The Monthly Researcher Spotlight is our section highlighting the exciting work of the UK Biobank Research Analysis Platform user community. If you would like to be featured, email ukbiobankrap@dnanexus.com.
This was simultaneously published in the July 2024 UK Biobank RAP Newsletter. You can sign up for future installments here.
This month's Spotlight features Megan Ramaker, a bioinformatician performing research to identify biomarkers of cardiovascular diseases.
Megan Ramaker, Ph.D.
Bioinformatician II
Center for Precision Health, Duke Molecular Physiology Institute, Duke University
What are the focus and discovery highlights of your research?
I am a Bioinformatician in the Svati Shah Lab, and our overall interest is in identifying biomarkers of cardiovascular disease broadly. My research is focused on both characterizing the genetic landscape of inherited cardiovascular diseases and using machine learning to develop tools for interpretation of variants of unknown significance. I have recently developed a machine learning algorithm, Cardiovascular Disease Pathogenicity Predictor (CVD-PP), that is a disease- and tissue-specific machine learning model for assessing pathogenicity in variants of unknown significance in 47 genes associated with inherited cardiovascular disease. I have combined this tool with the Catheterization Genetics (CATHGEN) cohort, which consists of whole exome sequencing in patients referred to the catheterization lab at Duke University, to demonstrate the utility of this model for better prioritization of variants that have a high probability of being pathogenic and thus likely to manifest in disease.

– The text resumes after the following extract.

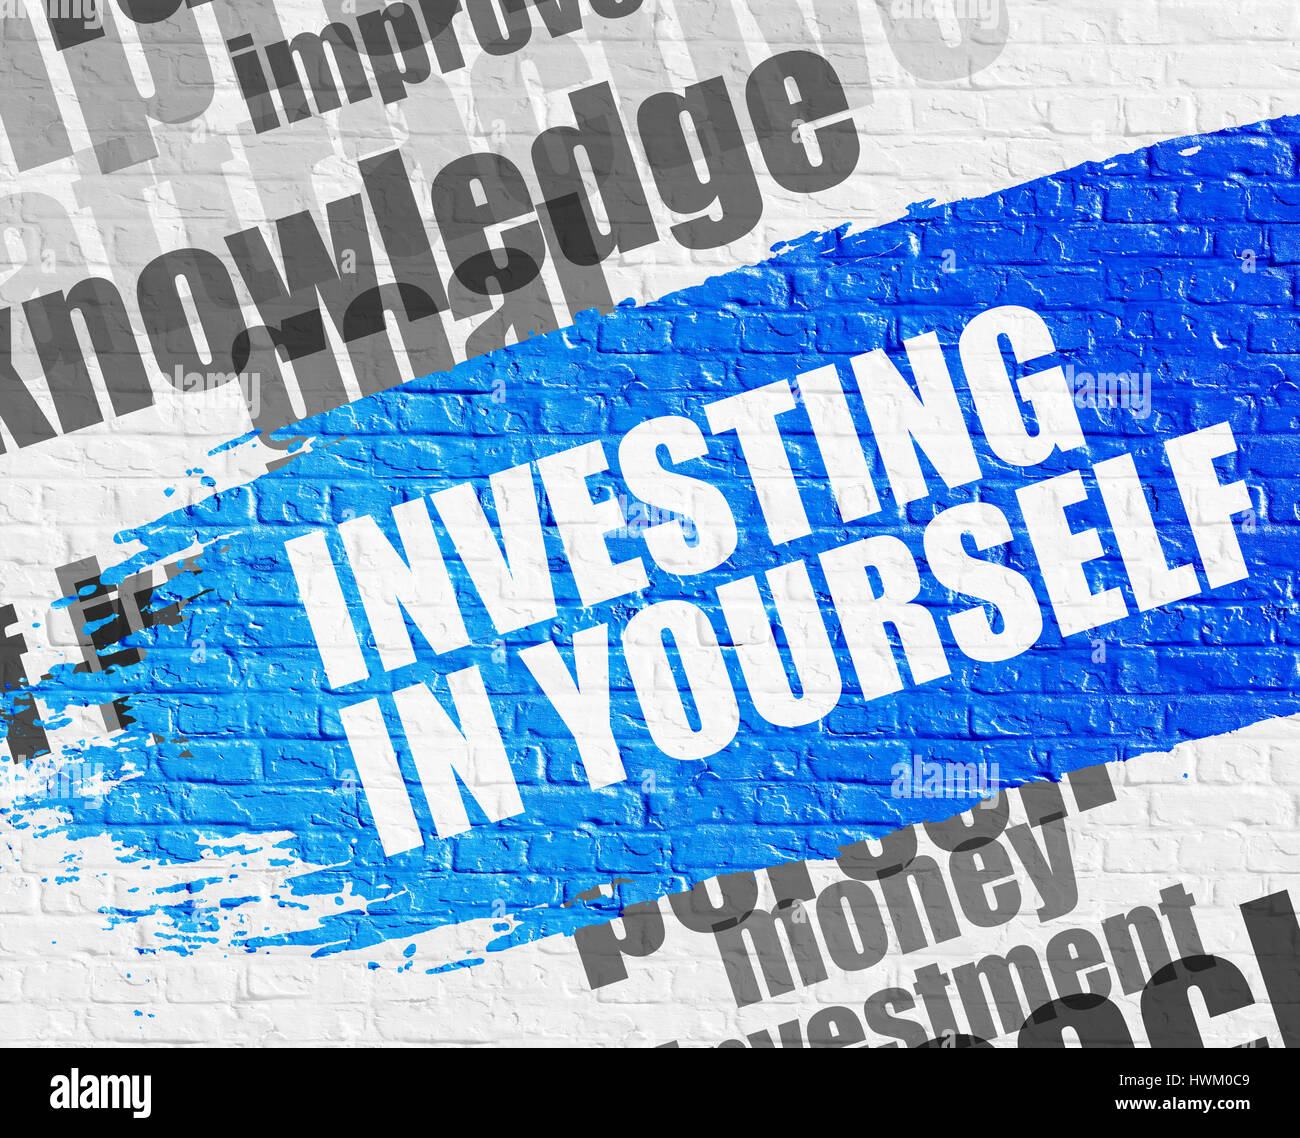 Investing In Yourself on the Brick Wall. Stock Photo

What are some of the key questions that you are looking to answer using UK Biobank data?
I am currently using the UK Biobank data to better understand the genetic landscape of inherited cardiovascular diseases in collaboration with a Duke University Pulmonary Critical Care Fellow and NIH R38 Stimulating Access to Research in Residency (StARR) scholar, Dr. Kristin Corey. Through this collaboration we are leveraging Dr. Corey’s clinical expertise and my genetics expertise to both identify individuals with pathogenic variants in inherited cardiovascular disease genes and assess expressivity of disease. We hope that this information will better characterize the genetic landscape of the diseases as well as aid clinicians in providing more personalized treatment.
How has the UK Biobank Research Analysis Platform (UKB-RAP) helped you perform your research?
The UKB-RAP has allowed our lab to analyze the large, multi-modal dataset in a feasible manner. We are able to perform high-throughput, compute-intensive analyses, including genome-wide variant filtering at-scale. The UKB-RAP also supports reproducibility by storing compute job details, including commands, and versioning datasets and scripts created. Lastly, we are able to share code and collaborate in our lab more effectively.
Any tools or tutorials that you have developed that would be useful for the UKB-RAP community?
I have not created any tutorials yet, but I recently created a bed file that includes the start and stop position of every WGS vcf file in the most current version of the WGS data on the UKB-RAP for easier filtering of variants of interest in the WGS data.